Helen of Troy reports strong sales, but costs hit profits

Texas-based Helen of Troy has reported a strong increase in sales, but costs associated with upgrading the company's distribution and warehousing operations keep net profits down.

The company said third quarter sales increased 8 per cent to reach $213.43m, against sales of $197.45m in the corresponding period last year.

However, the increase in sales was not reflected in the company's net profits, which only increased one per cent to reach $22.8m during the period.

The company said that the reason for profits not increasing in line with sales was down to gross margin pressure in both its personal care and housewares segments, as well as expenses associated with the a new warehousing system for its OXO houseware business.

"The increased expenses related to operating two warehouses will continue through this year's fourth quarter, but we do not expect to incur those additional warehouse expenses in the next fiscal year," said Gerald Rubin, company CEO.

For the third quarter sales in the company's personal care segment rose eight per cent to reach $173.74m, while sales for the nine month period rose eight per cent to reach $390.04m.

The company reported that overall sales for the nine month period rose eight per cent to reach $491.05m, whereas net earnings fell from $42.66m to reach $40.36m.

However, the company pointed out that its balance sheet remains healthy, with stockholder's equity increasing $46.8m to reach $515.7m, at the end of November, and cash levels increasing from $20m to $59m.

The company is predicting that for its fourth quarter sales should be in the range of $135m to $140m, compared to sales of $134.5m in the last quarter of 2005.

This means that sales for the full year should be in the range $626m to $631m, a figure that is lower than the company had predicted earlier on in the year.

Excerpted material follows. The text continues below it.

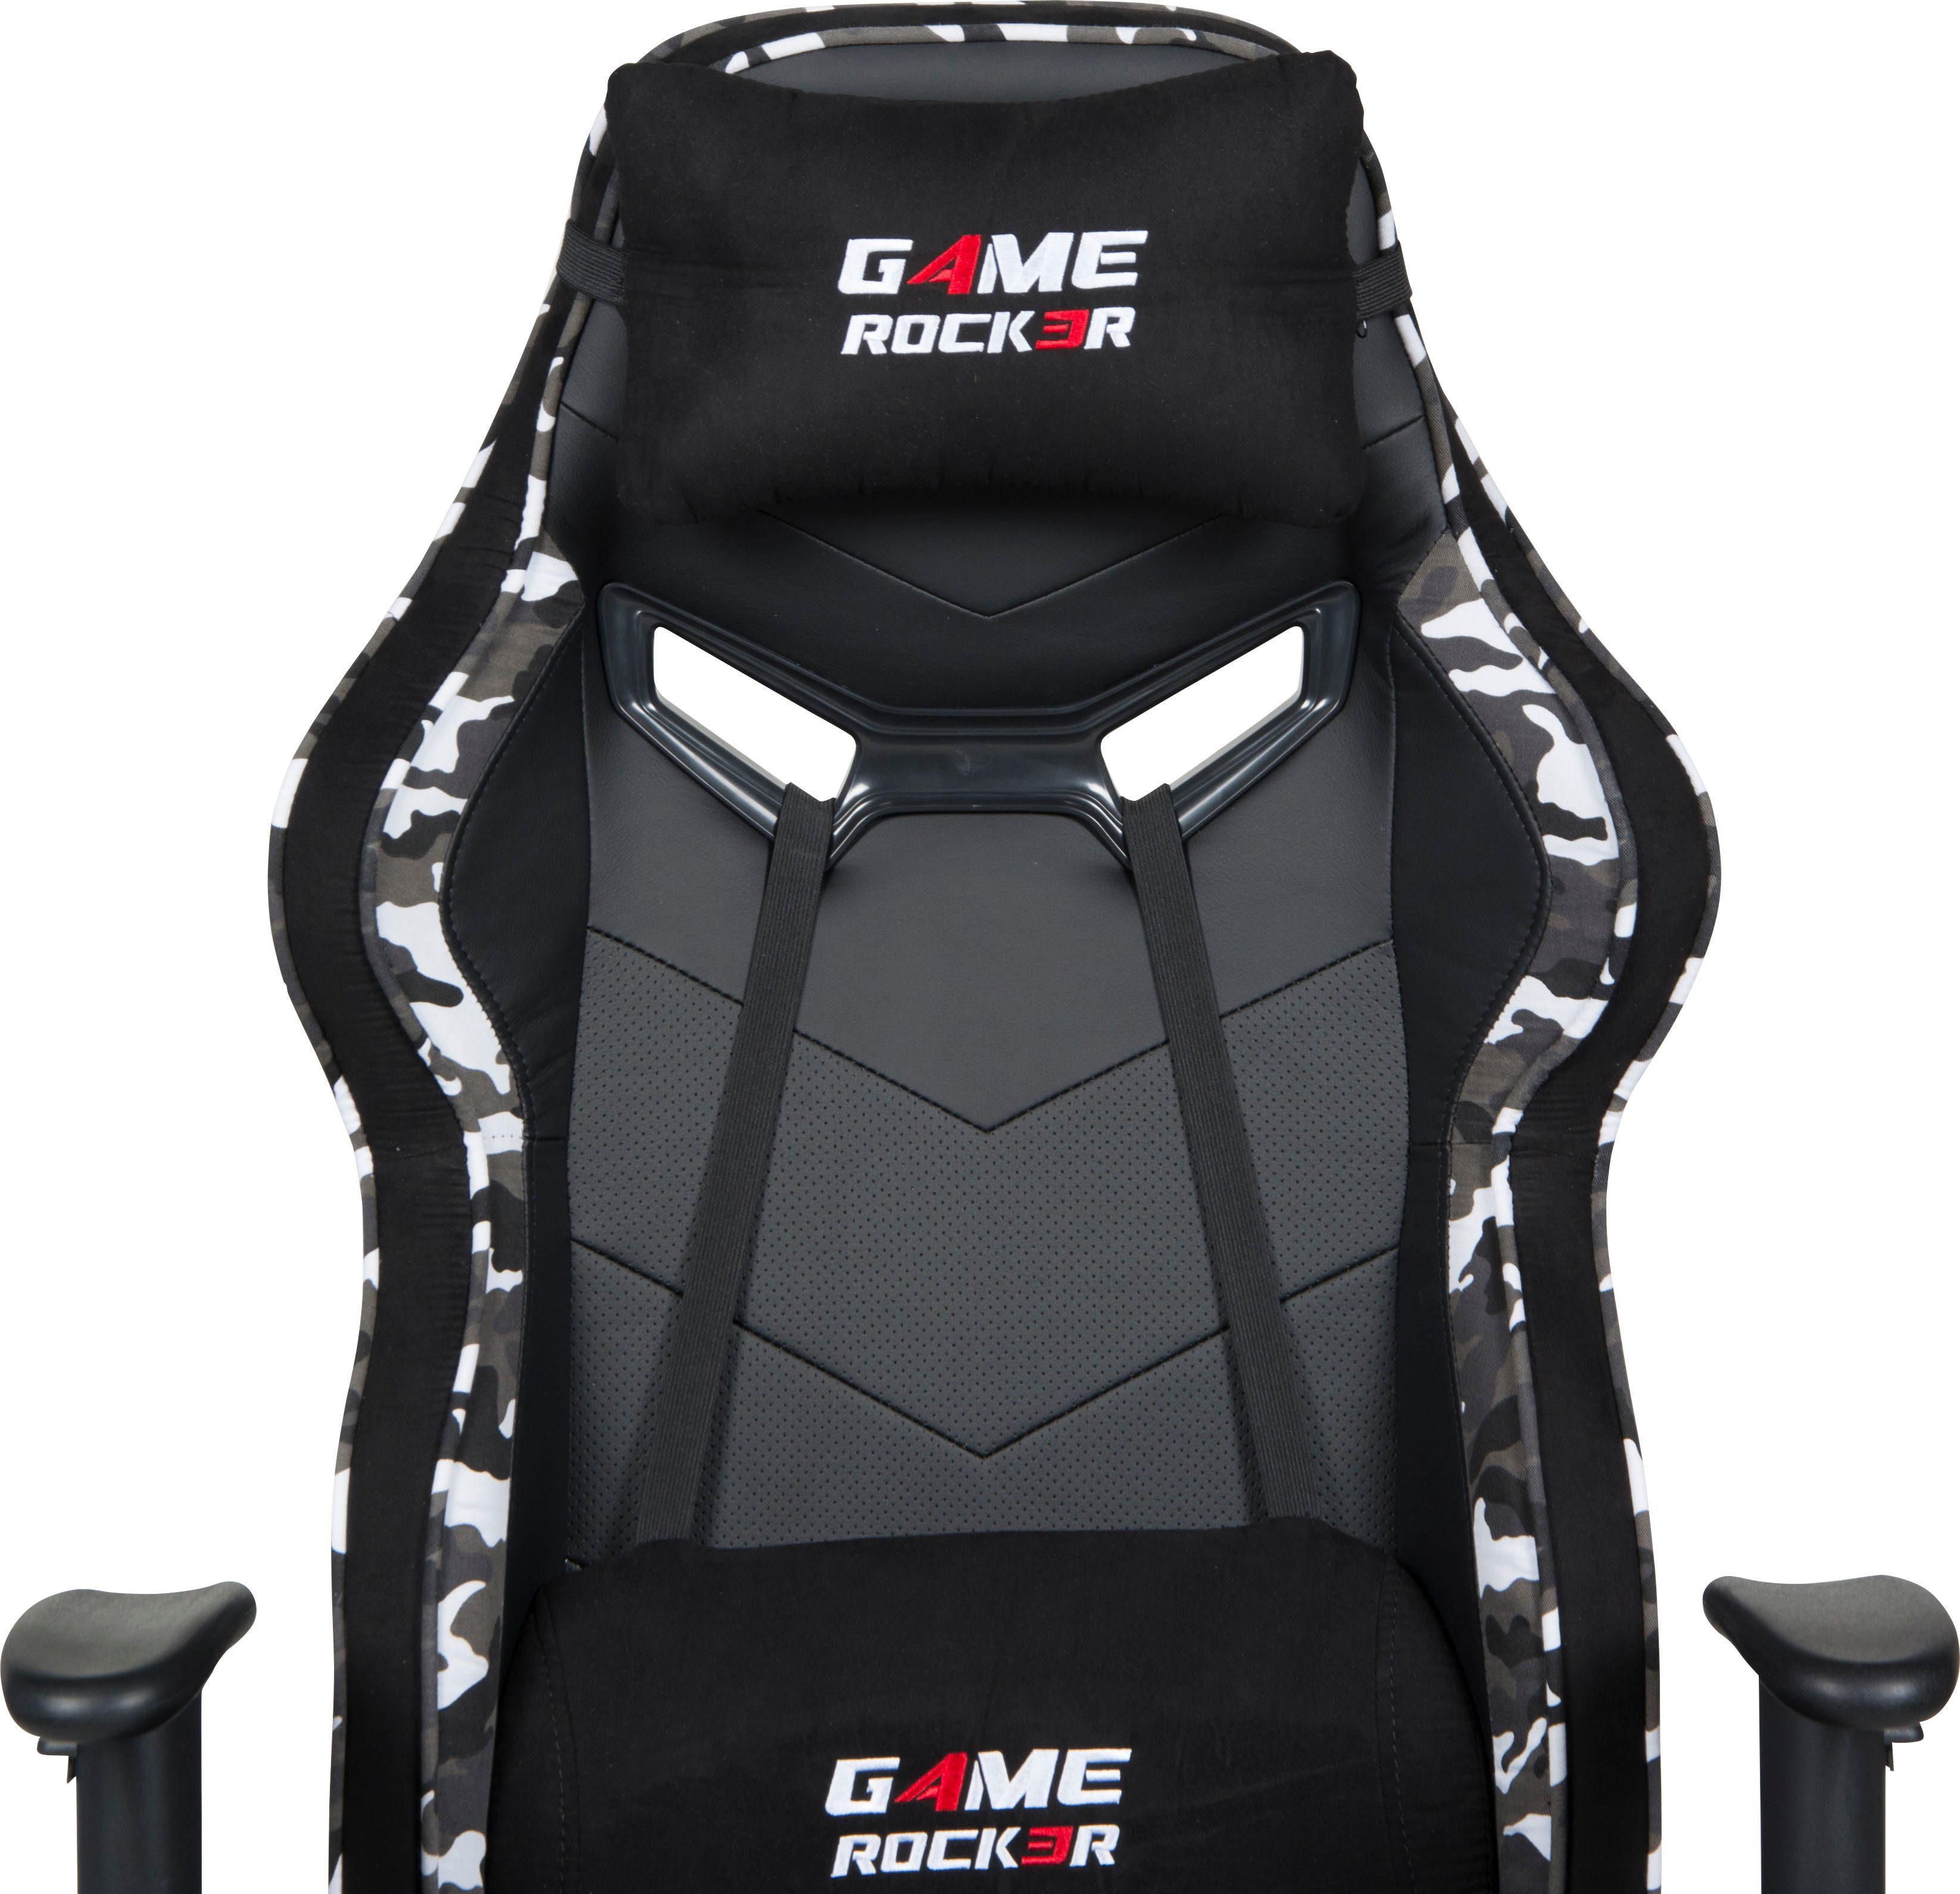 Duo Collection Chefsessel Game-Rocker grau Optik in Chair Gaming schwarz/camouflage Camouflage G-30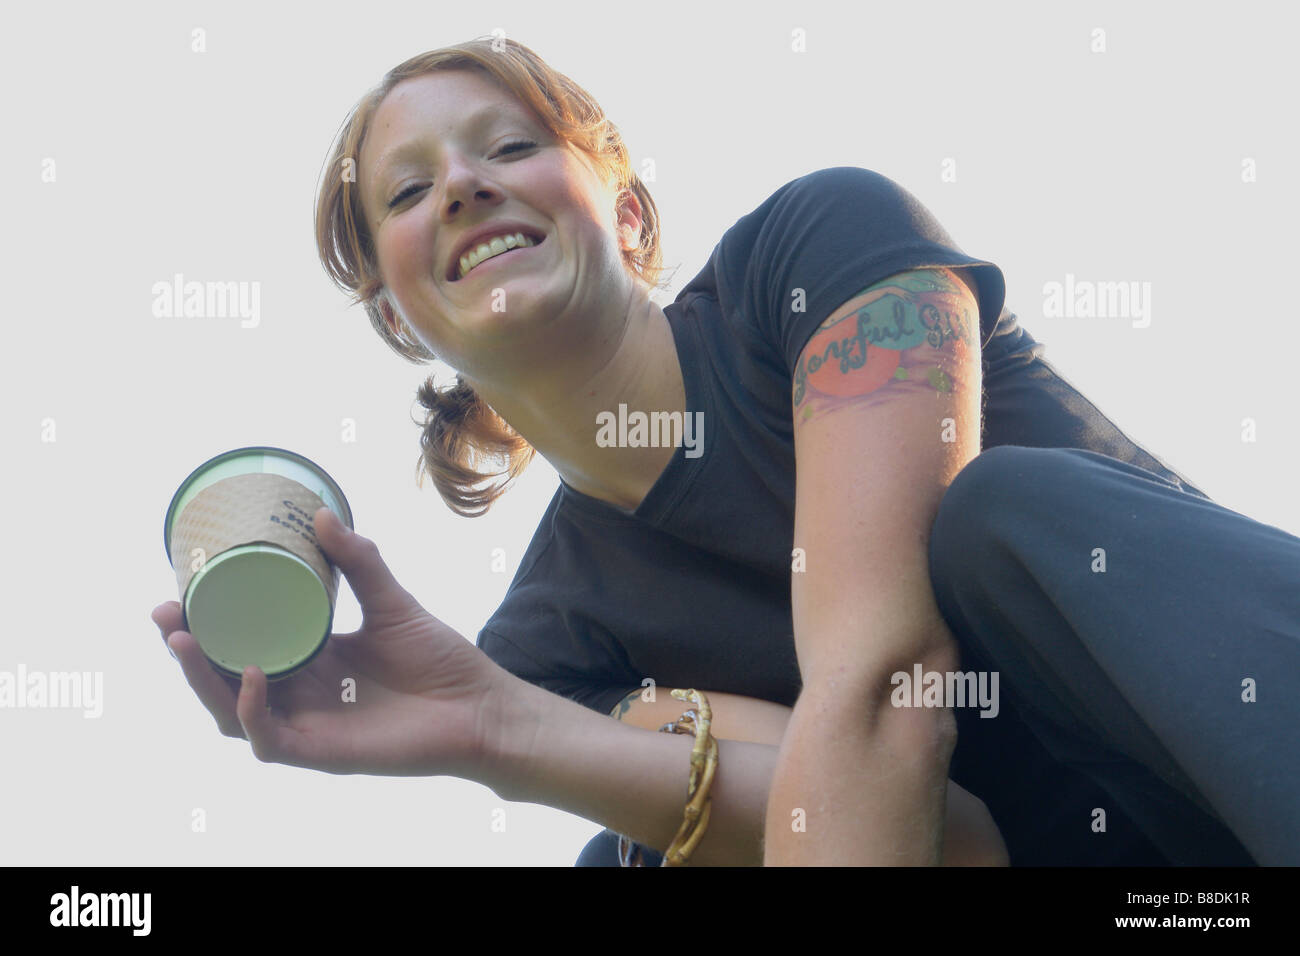 Low angle portrait of woman holding corn-based compostable coffee cup Stock Photo

"For the fiscal year March 1, 2007, we are providing guidance of annual sales in excess of $660m," said Rubin. "We believe these increases will be driven by new product introductions, reductions in non-recurring expenses, and more efficient operations."

He added that during the year ahead the company was hoping to extend sales of Bed Head by TIGI and Tony & Guy appliances on a worldwide basis, to derive increased margins from the consolidation of its warehouse operations.